TASK TO COMPLETE: The answer is to be the lines below that lie between the line holding "twitter.com/austinbeaulier - Destroyed" and the line holding "Download Air Transportation", inclusive, transcribed exactly and free of pictures.

GIVEN RECORDS:
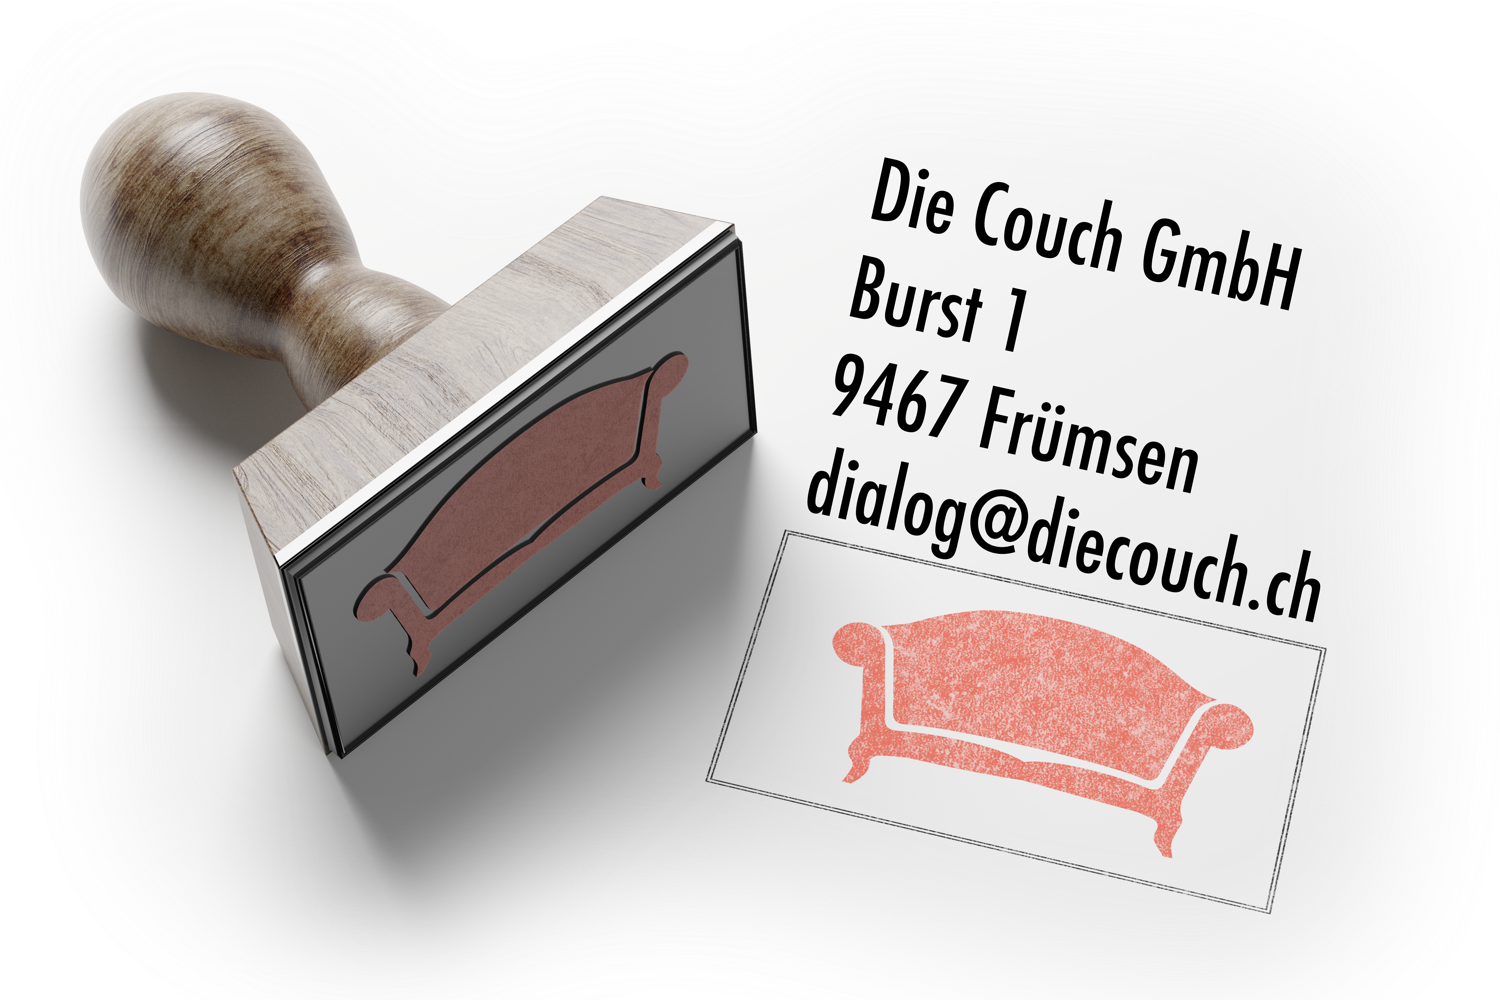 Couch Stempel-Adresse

...

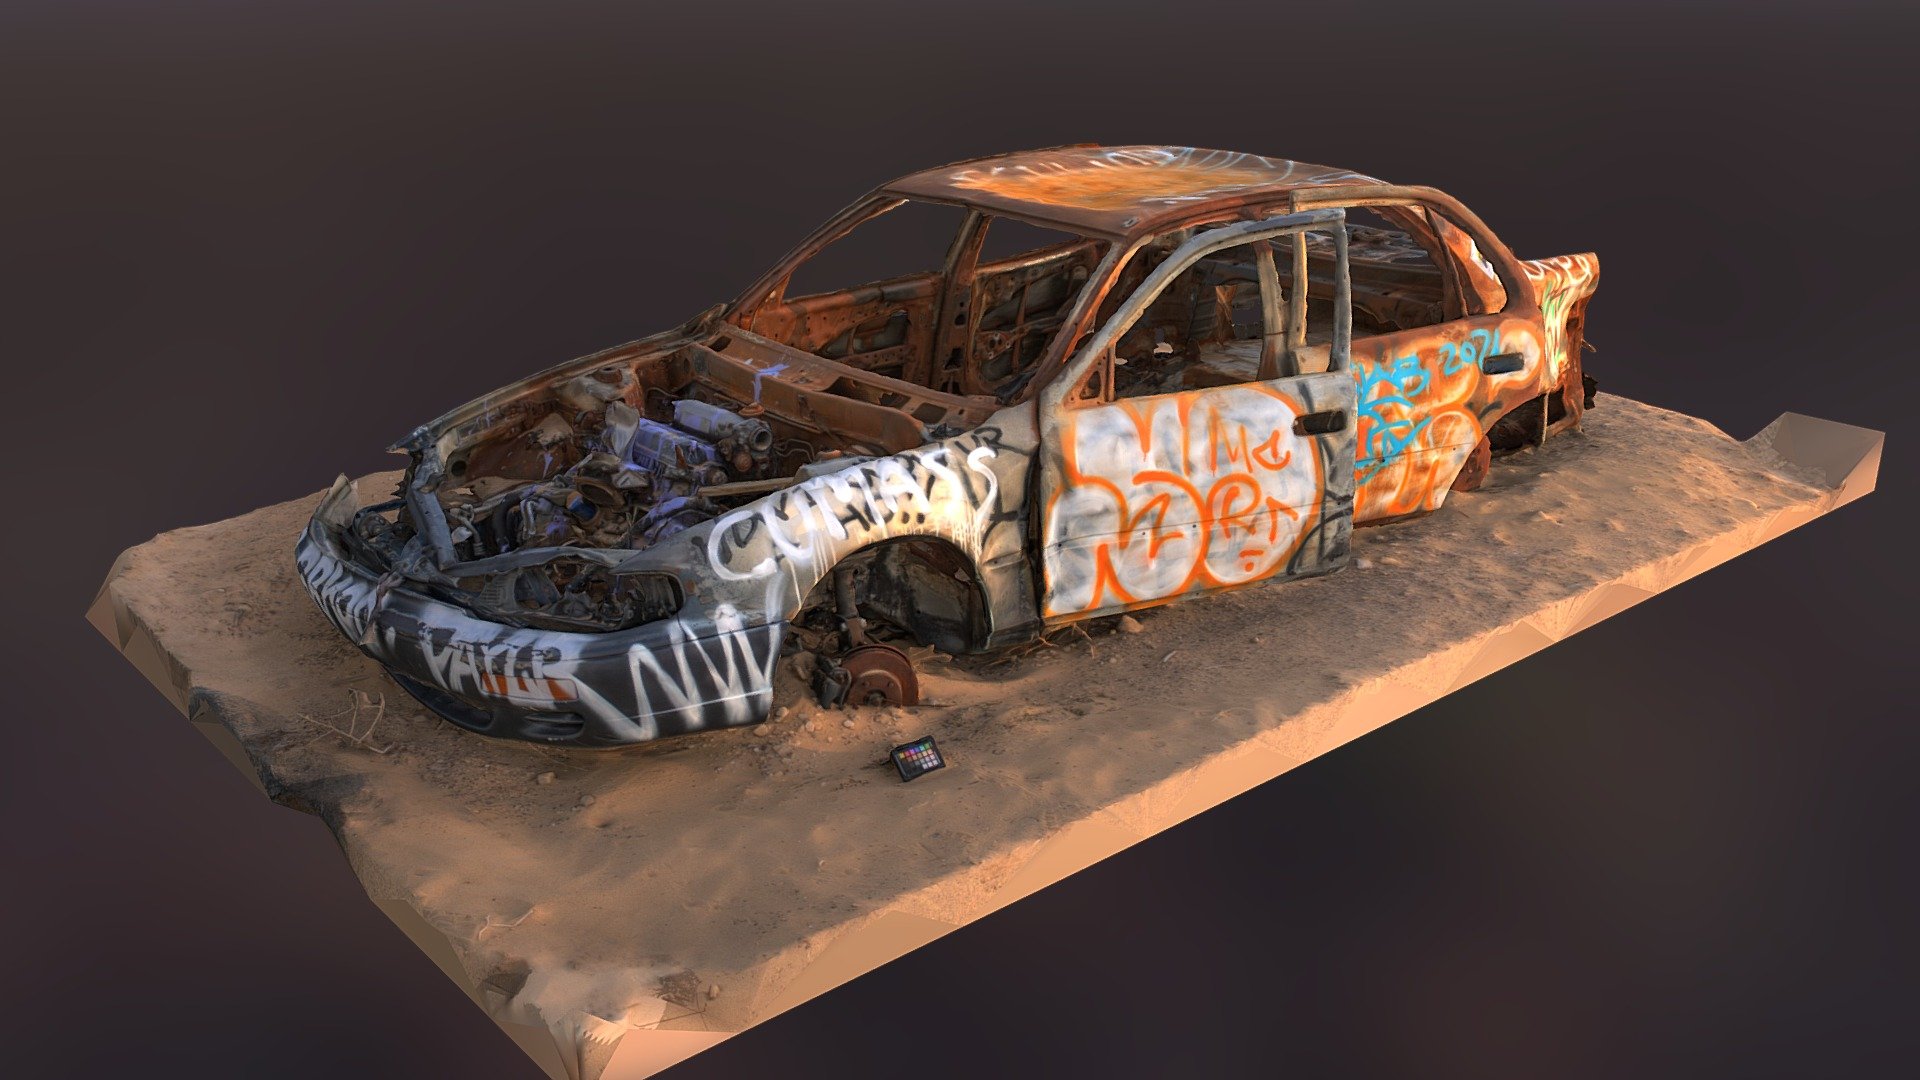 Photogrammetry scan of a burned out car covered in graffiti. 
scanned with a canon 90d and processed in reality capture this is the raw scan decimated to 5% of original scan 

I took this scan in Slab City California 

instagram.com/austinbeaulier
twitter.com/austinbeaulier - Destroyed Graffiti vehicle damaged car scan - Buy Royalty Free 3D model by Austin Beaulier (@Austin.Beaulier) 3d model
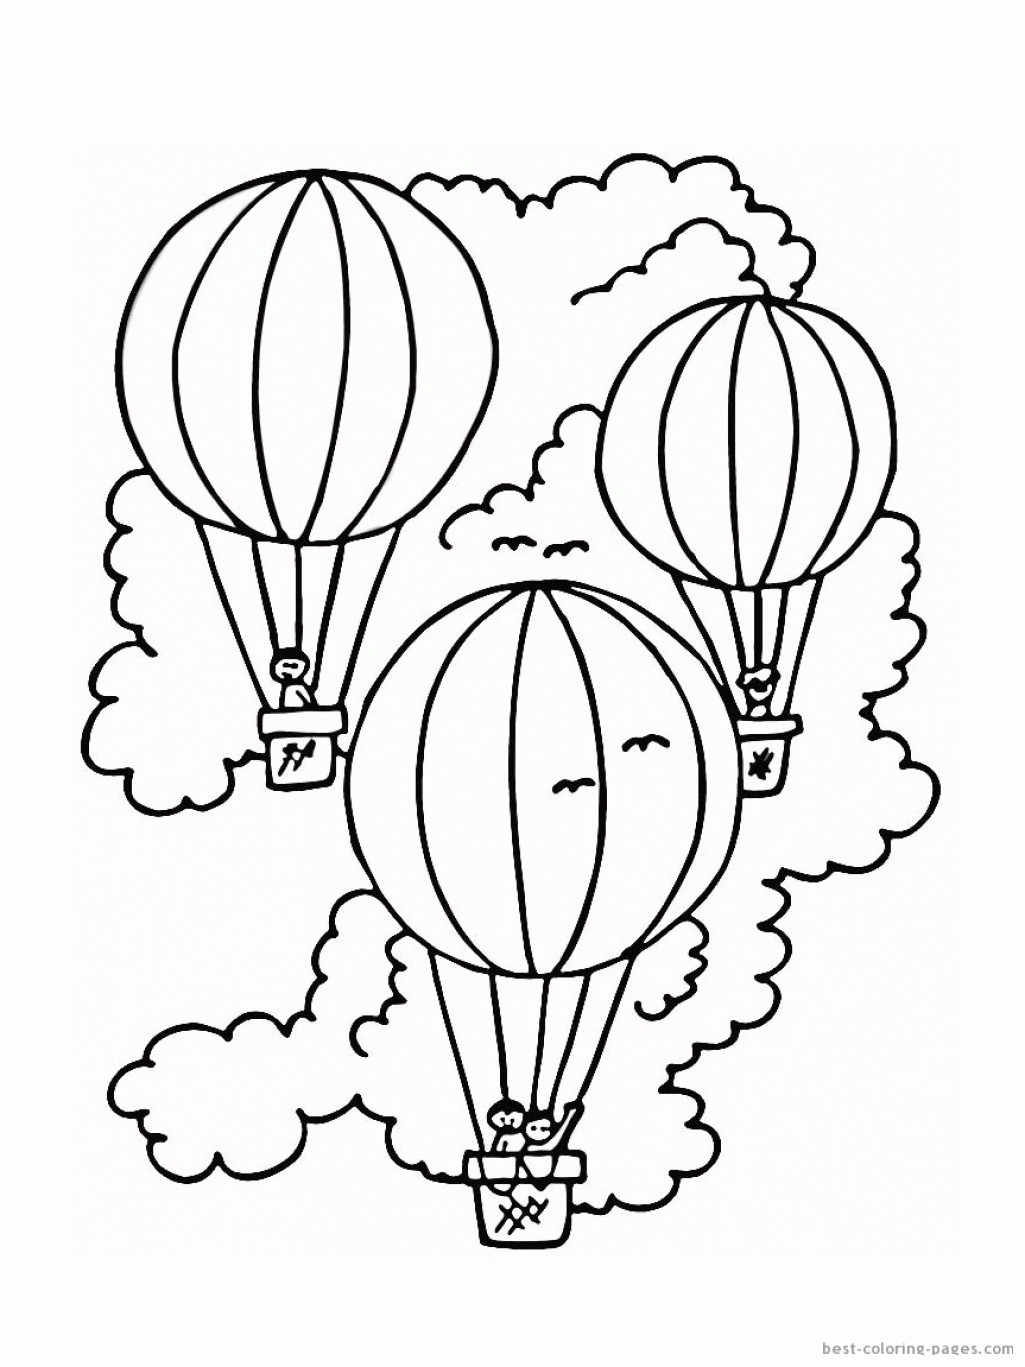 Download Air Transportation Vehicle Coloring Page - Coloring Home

==

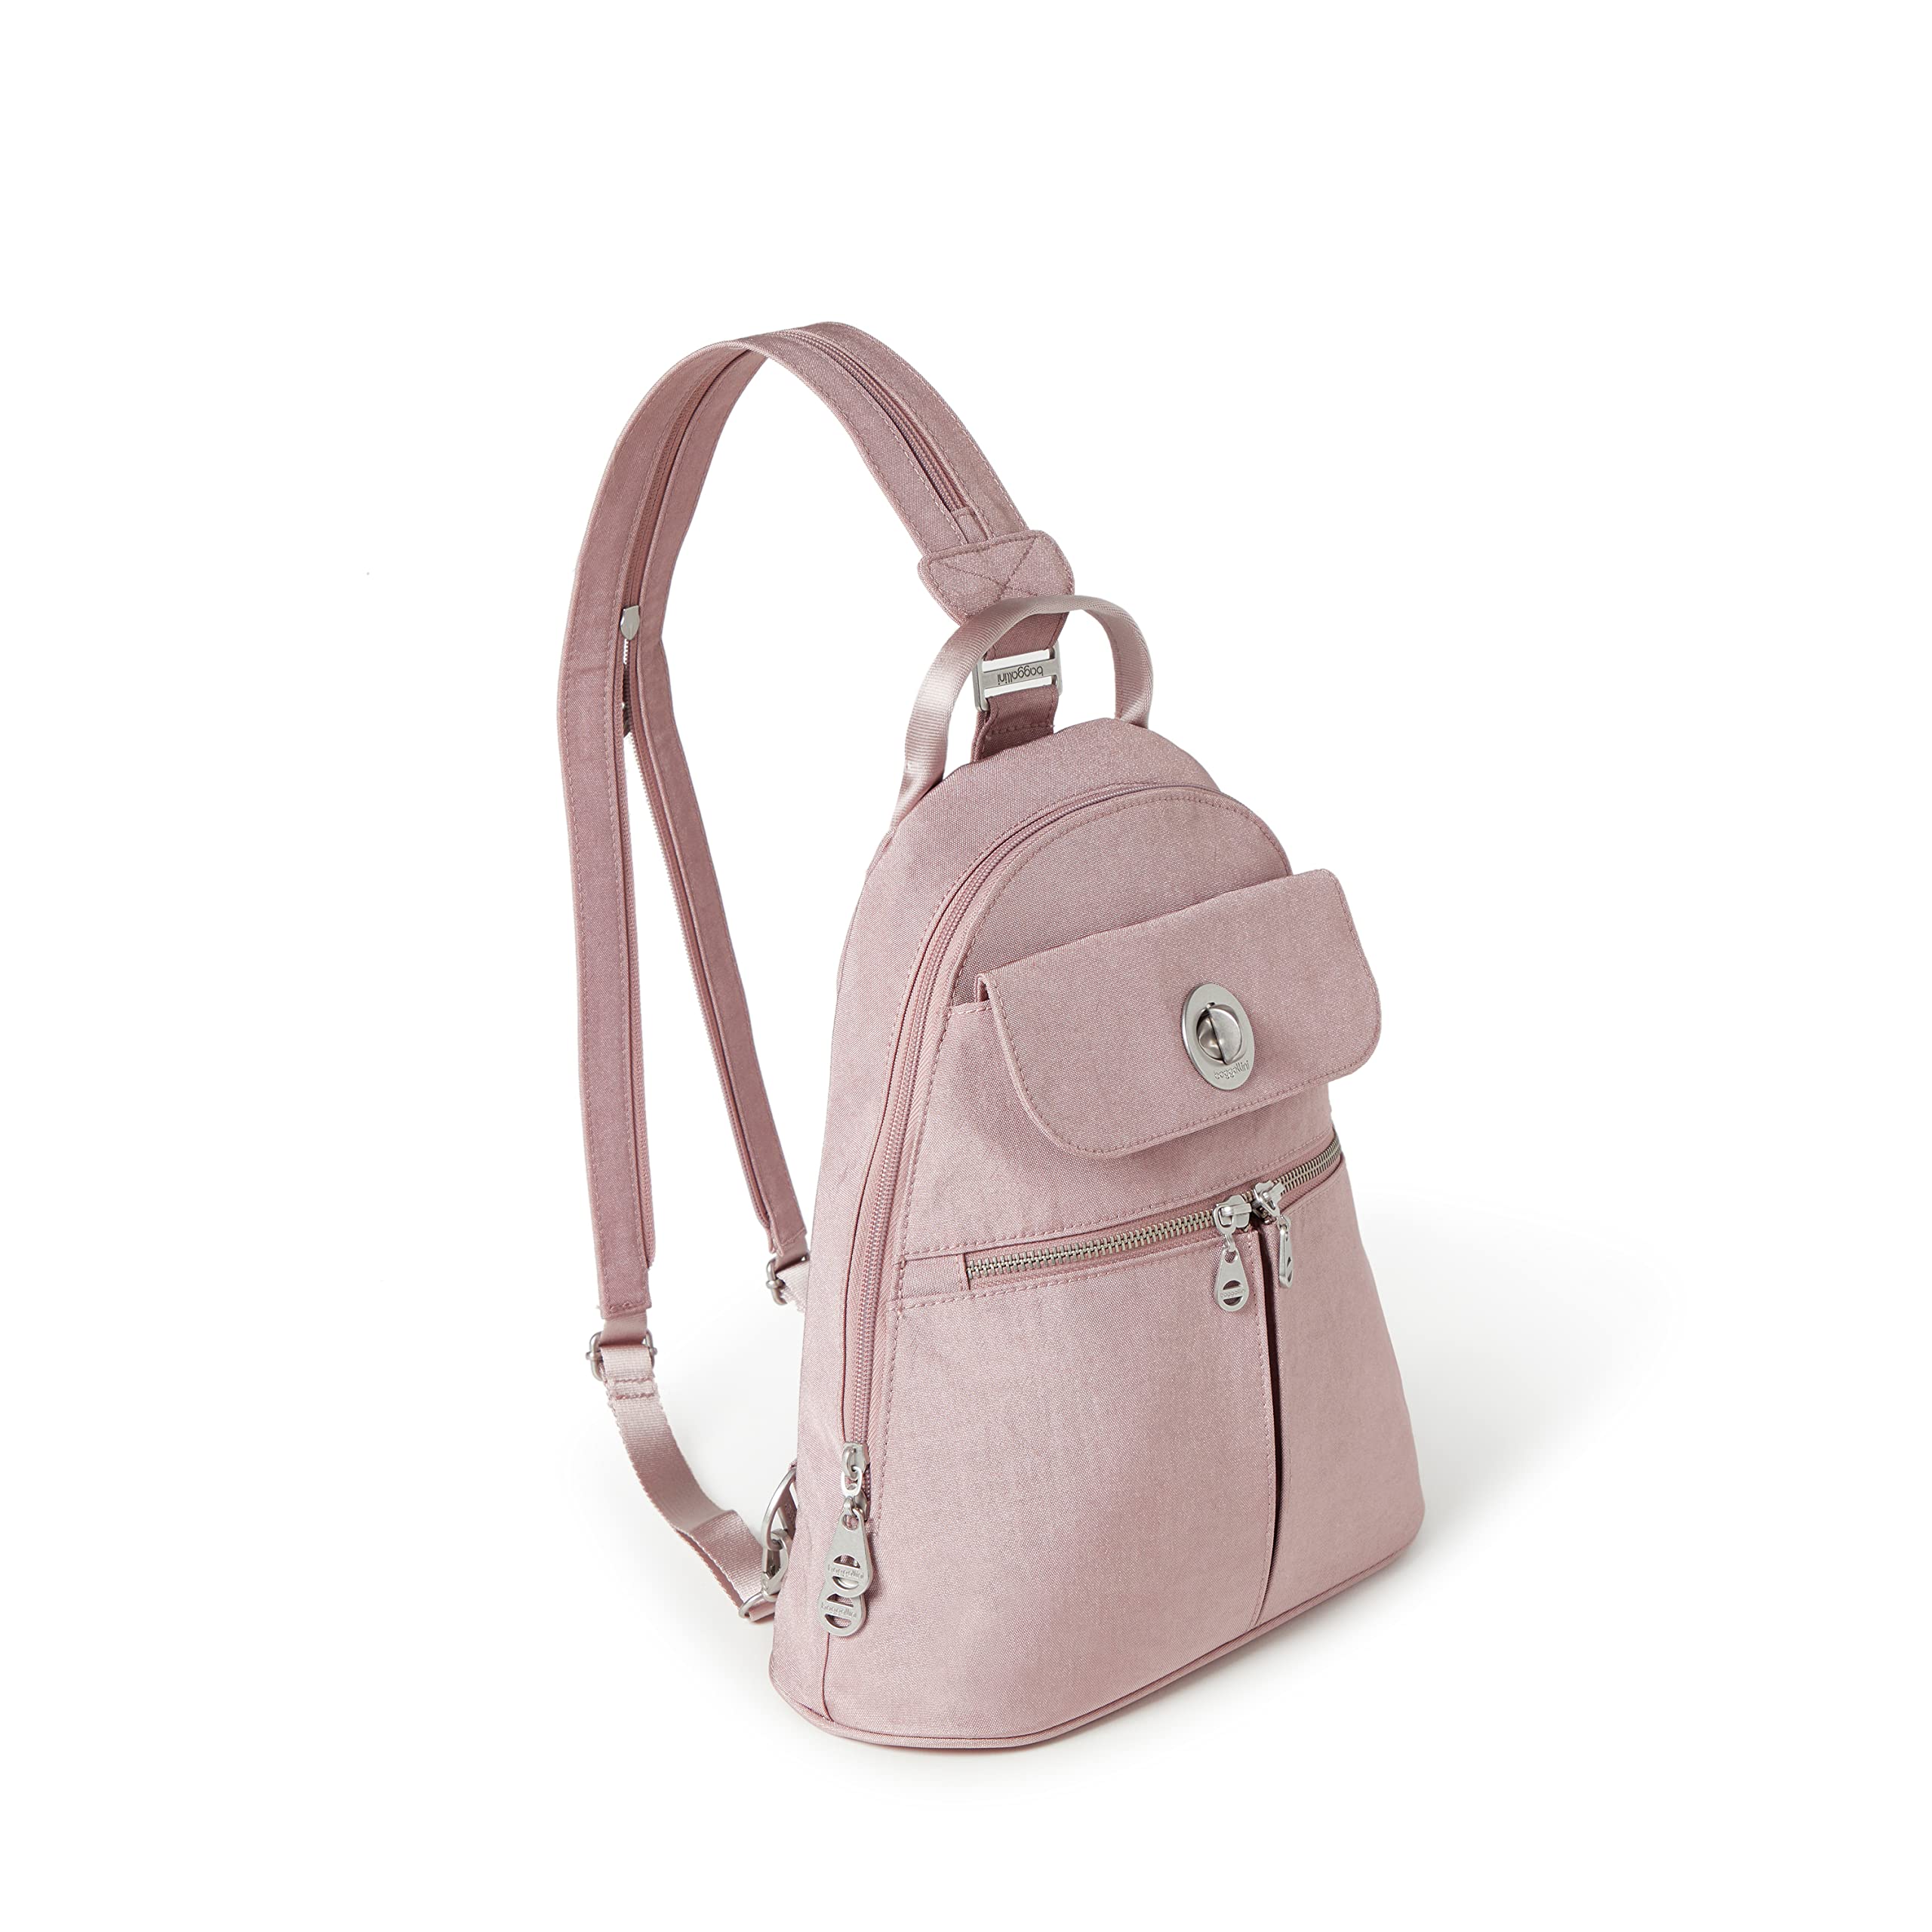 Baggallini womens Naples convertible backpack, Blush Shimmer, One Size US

SOLUTION FOR THIS EXERCISE:
twitter.com/austinbeaulier - Destroyed Graffiti vehicle damaged car scan - Buy Royalty Free 3D model by Austin Beaulier (@Austin.Beaulier) 3d model
 Download Air Transportation Vehicle Coloring Page - Coloring Home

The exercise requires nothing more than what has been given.